[Records provided]

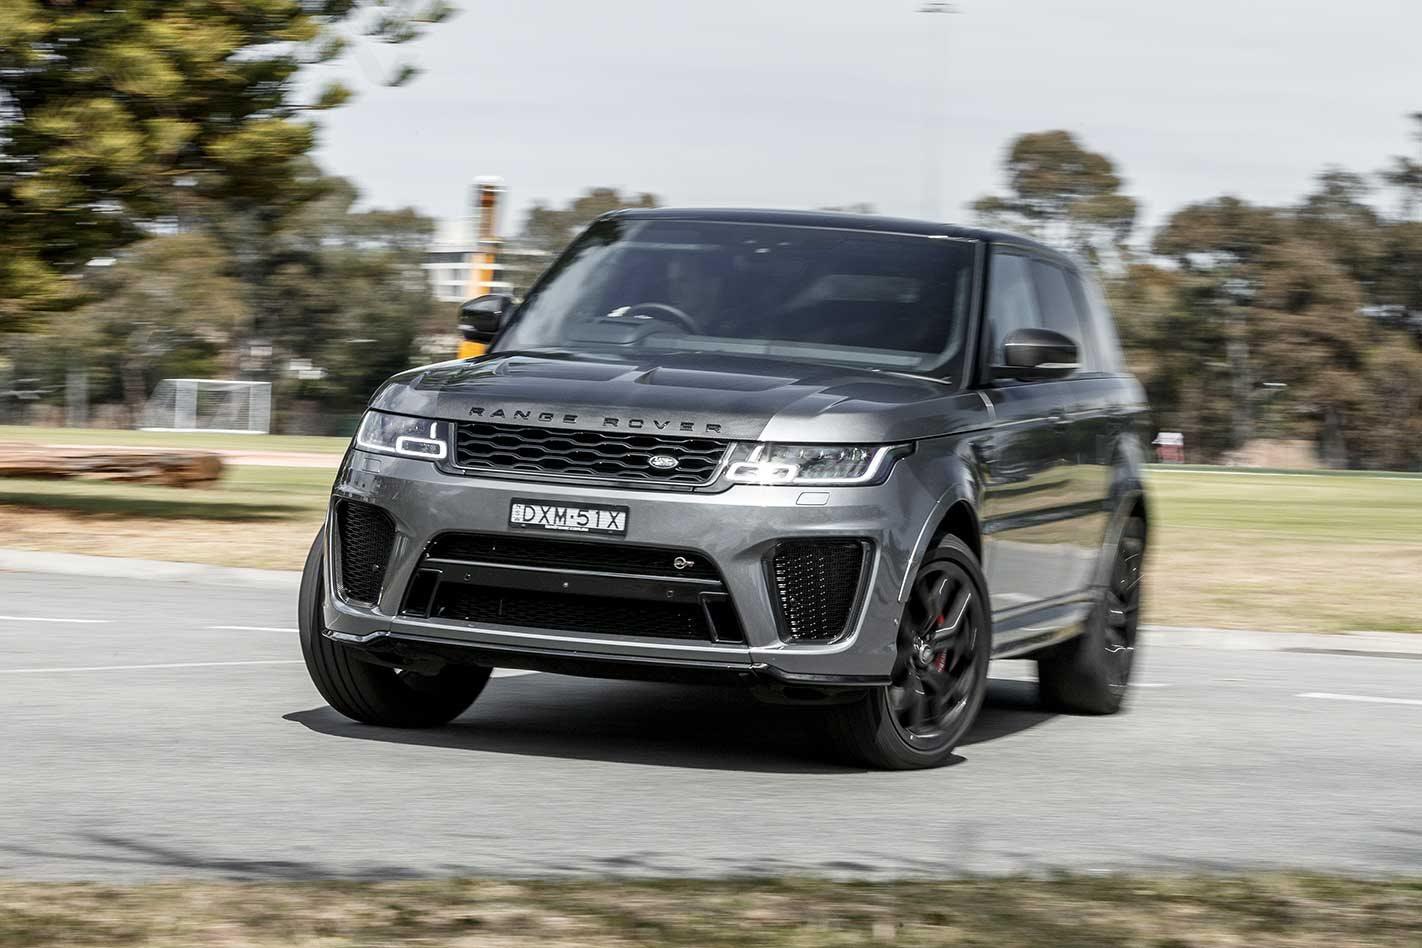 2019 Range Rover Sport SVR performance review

[/Records provided]
[Records provided]

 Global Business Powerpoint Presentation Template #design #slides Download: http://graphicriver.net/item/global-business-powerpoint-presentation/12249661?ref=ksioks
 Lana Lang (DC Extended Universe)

[/Records provided]

§ **Requirement**
Copy out only the lines above from the one with "Global Business Powerpoint" to the one with "Lana Lang (DC Extended Universe)", inclusive, exactly as they stand.

§ **Task output**
 Global Business Powerpoint Presentation Template #design #slides Download: http://graphicriver.net/item/global-business-powerpoint-presentation/12249661?ref=ksioks
 Lana Lang (DC Extended Universe)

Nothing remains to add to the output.